Nucleotide sequence alignment analysis of the CRISPRS consensus sequence repeats among one UPTC and five C. jejuni isolates. Numbers at the left and right refer to the nucleotide positions of each CRISPRs consensus sequence repeats among six isolates. Dots indicate identical bases; changes are indicated so; dashes are deletions; identical positions in all cases are marked with asterisks

In addition, Bolotin et al. (2005) suggested that the unique spacer regions are the traces of past invasions by extrachromosomal elements. Therefore, it would be worthwhile to clarify if the CRISPRs spacer regions (29–31 bp) which occurred in the UPTC isolate CF89-12, are homologous to other extrachromosomal genes or not. Then, we compared the nucleotide sequences of the 11 CRISPRs unique spacer regions with the other sequences already reported. Consequently, the non-repetitive unique spacer regions nos. 7 and 9 in Fig. 2 were 100% identical to the sequences in the pCL2100 megaplasmid genome DNA (46,201 bp) and C. lari RM2100 genome DNA (1,525,460 bp) (Miller et al. 2008), respectively. Regarding the no. 9, the nucleotide sequence was also identified to be 100% identical to the sequence of the C. lari integrated element 1 (CLIE1, Cla_0845; np 803,155–803,183) in C. lari RM2100 (Miller et al. 2008). This may indicate that the no. 9 sequence can be derived from prophage following phage infection.

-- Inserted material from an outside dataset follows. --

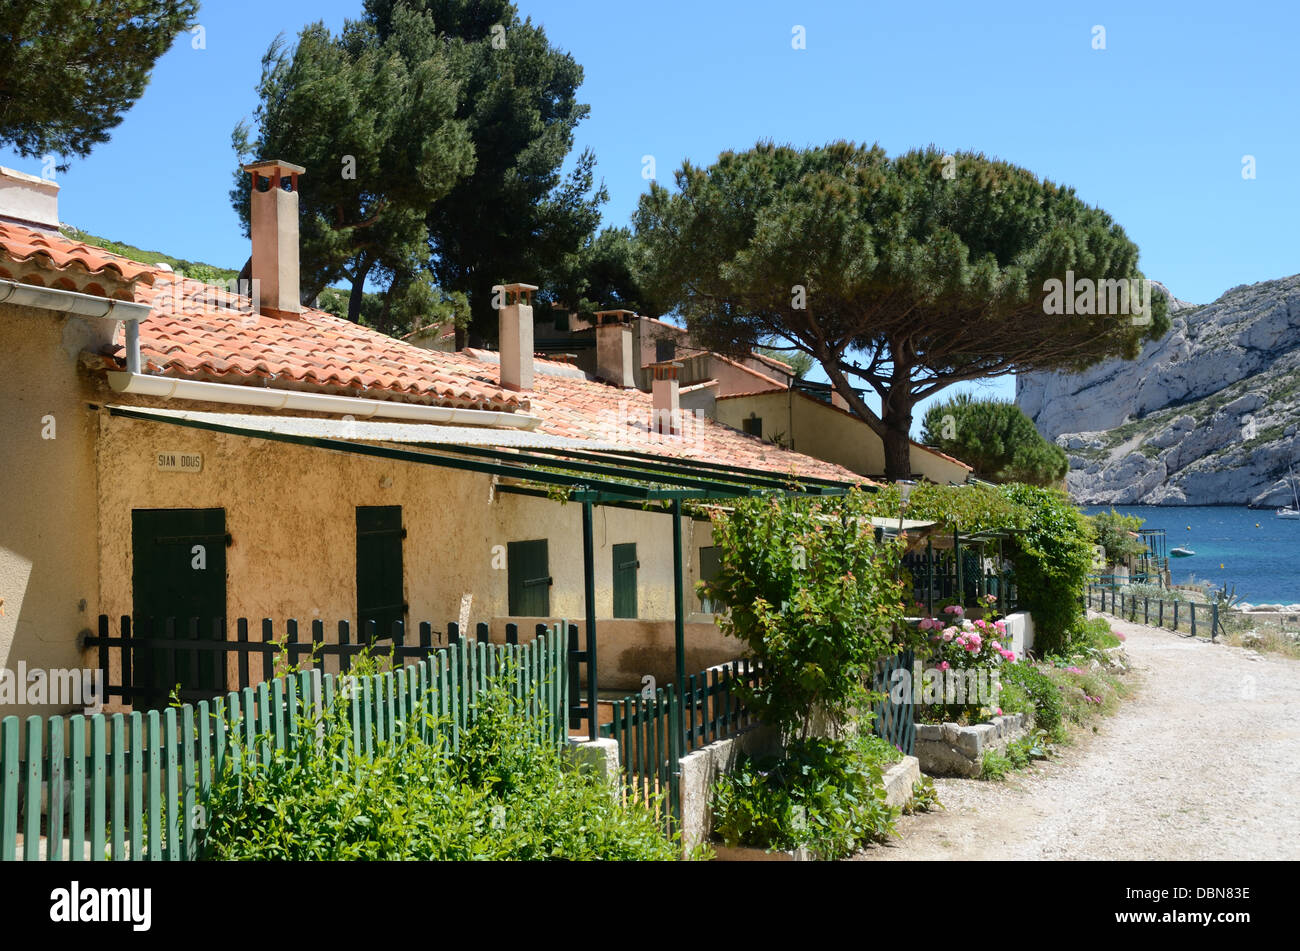 Cabanons oder Urlaub Hütten am Sormiou Calanque in den Calanques Nationalpark in der Nähe von Marseille Provence Frankreich Stockfoto

Nucleotide and amino acid sequence similarities of the Cas1 and Cas2 among the six isolates including UPTC CF89-12 are also shown in Tables 1 and 2. Nucleotide and amino acid sequence similarities of the Cas1 and Cas2 were very high (97.2–100%) among these five C. jejuni isolates, respectively. However, nucleotide and amino acid sequence similarities of the Cas1 and Cas2 were not so high i.e. 70.7–71.8 and 65.4–66.4% between UPTC CF89-12 and the five C. jejuni isolates, respectively.

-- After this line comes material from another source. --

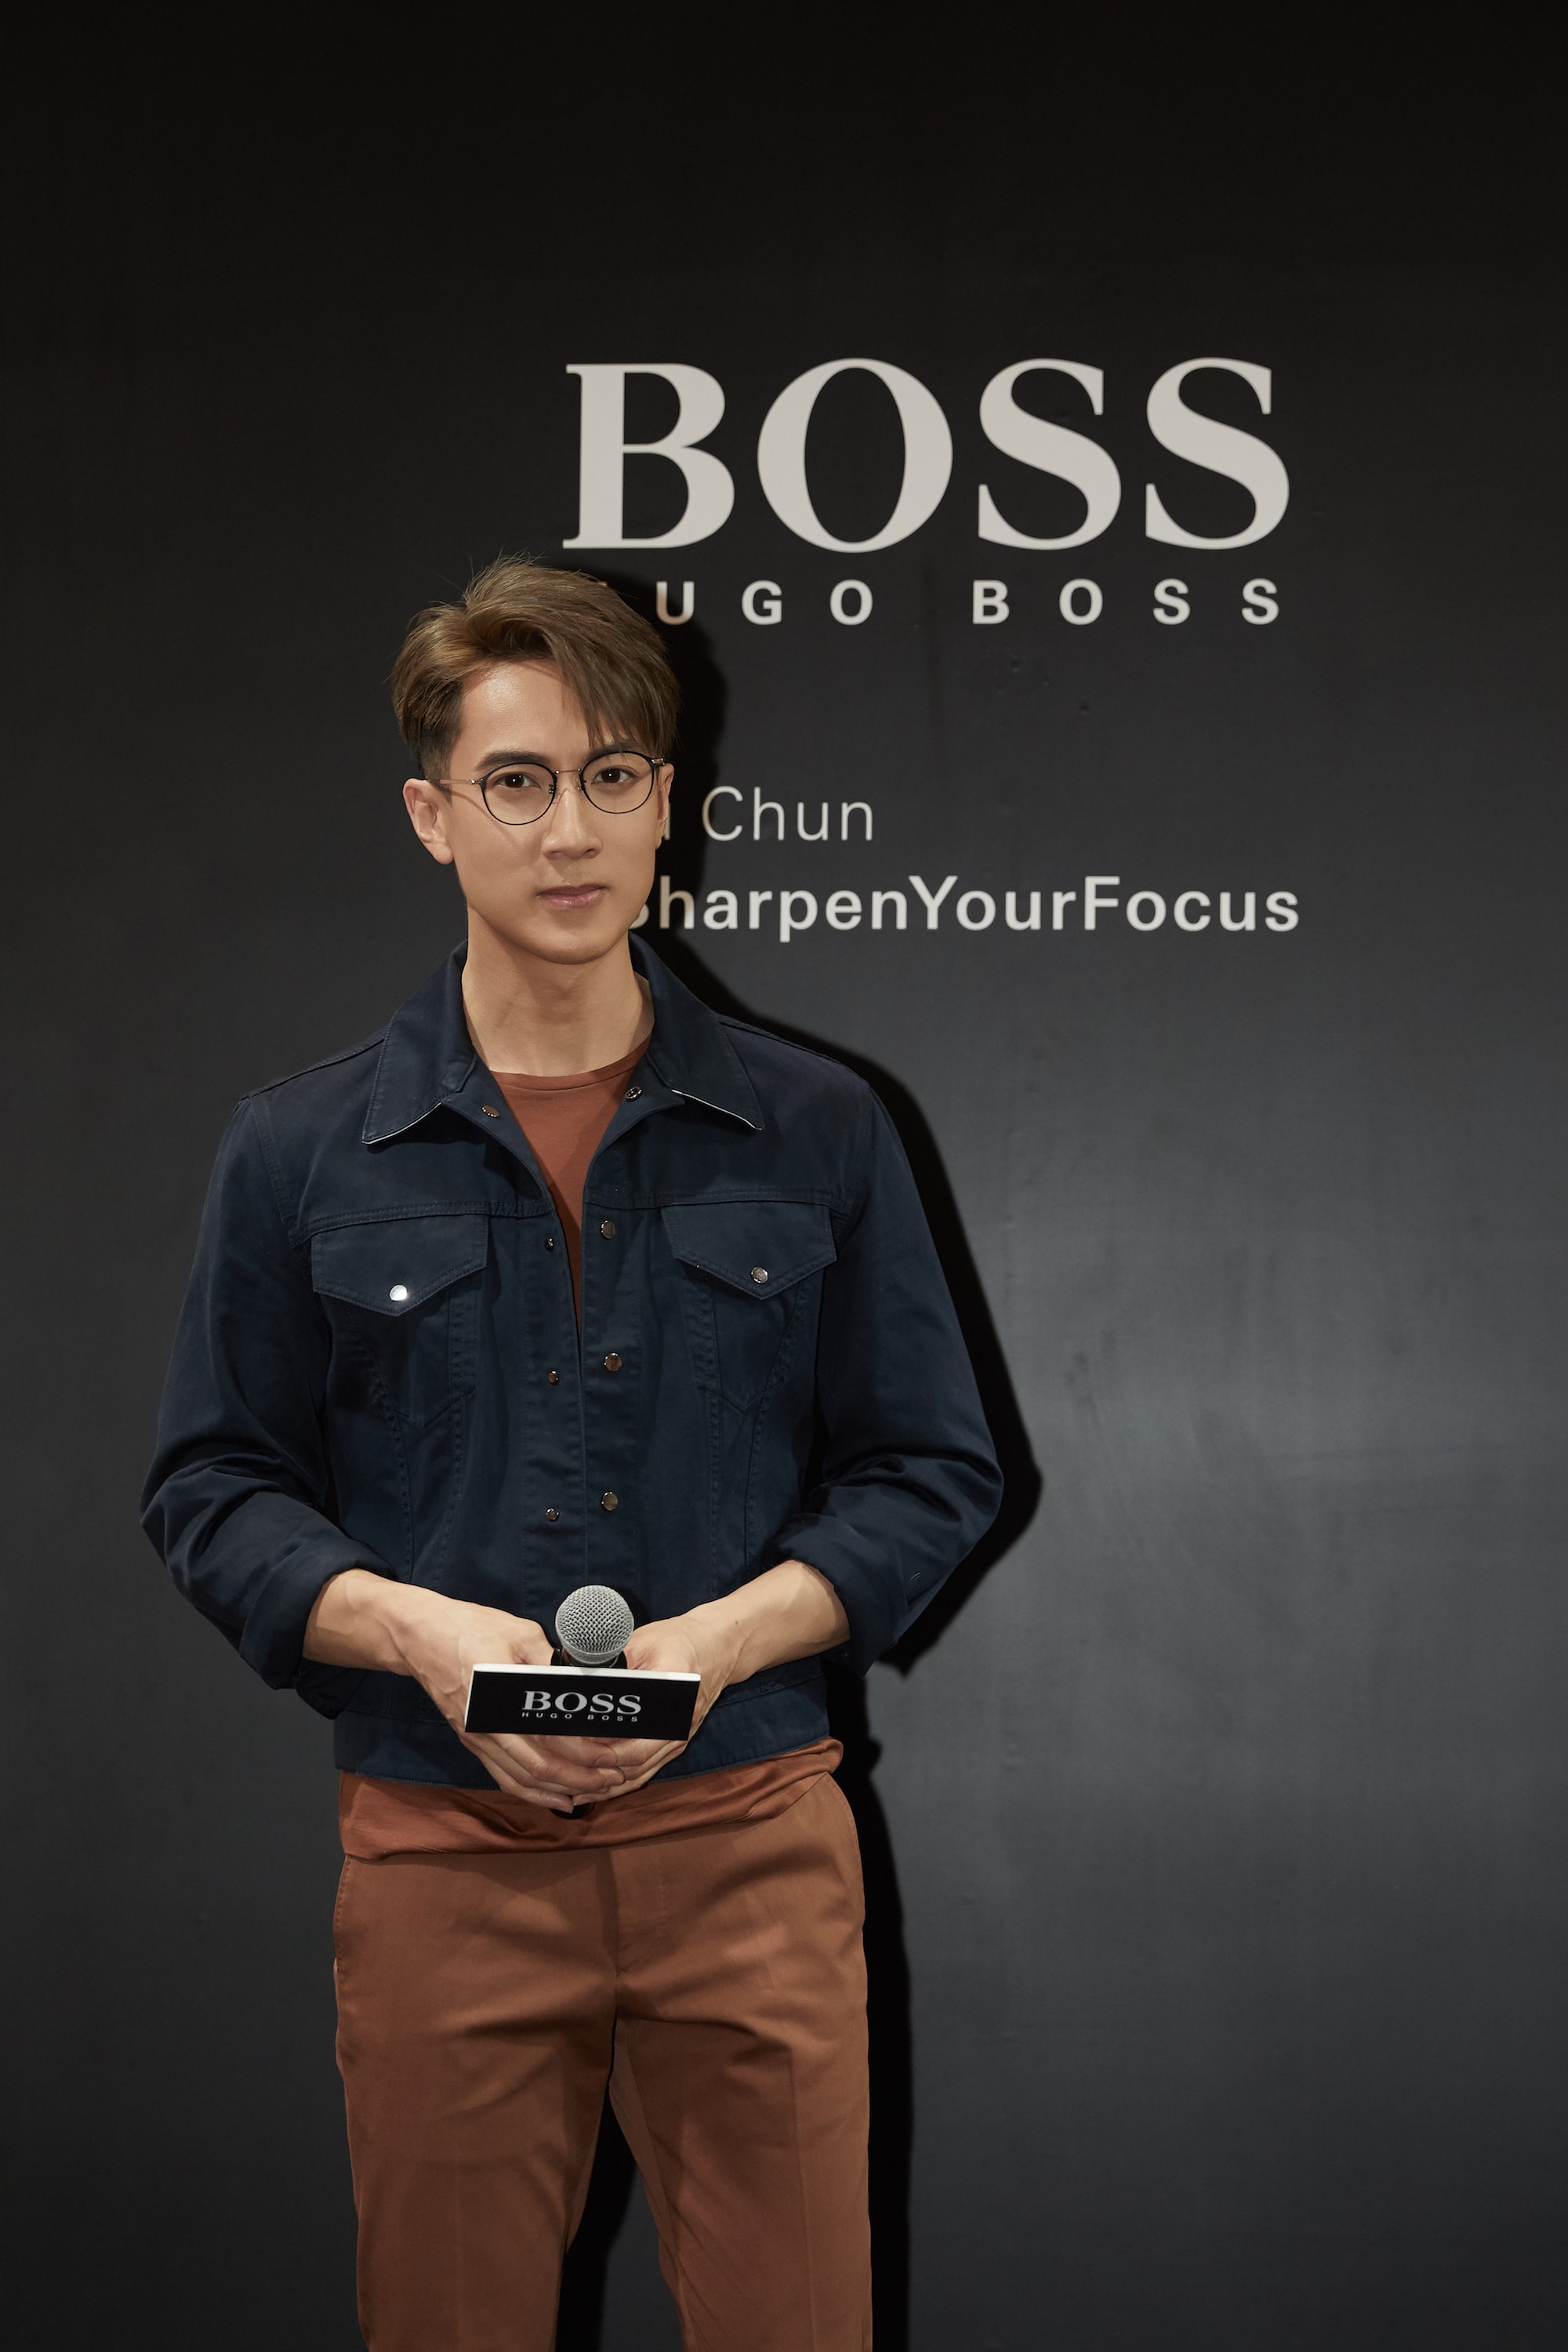 BOSS 眼鏡宣佈吳尊成為亞太區代言人

Table 1 Nucleotide sequence similarity of Cas1 (upper right) and Cas2 (lower left) among five C. jejuni and one UPTC CF89-12 isolates
Table 2 Amino acid sequence similarity of the putative ORFs for Cas1 (upper right) and Cas2 (lower left) among five C. jejuni and one UPTC CF89-12 isolates

The CRISPRs and Cas locus within the UPTC CF89-12 isolate was identified to exist between the TRMU and PGPase structural genes, both giving high sequence similarities to those two counterparts in the C. lari RM2100 strain, as described above. In addition, in the C. lari RM2100 strain, a hypothetically possible lipoprotein structural gene (423 bp) (140 aa residues for the ORF, reverse direction) occurred between these two counterparts. Therefore, in the UPTC CF89-12, the CRISPRs and Cas locus may be transfered and introduced into the genomic DNA from any extrachromosomal origin by a homologous recombination.

In the present study, no RT-PCR but positive PCR signals for the p-Cas, Cas1 and Cas2 genes were confirmed in the UPTC CF89-12 cells. Most recently, regarding these results, Pul et al. (2010) described that the DNA-binding protein H-NS suppresses CRISPR-Cas gene expression in E. coli K12 cells (Pul et al. 2010). Therefore, none of these RT-PCR signals may possibly be caused due to the similar suppression of the CRISPR and Cas genes expression in the UPTC cells.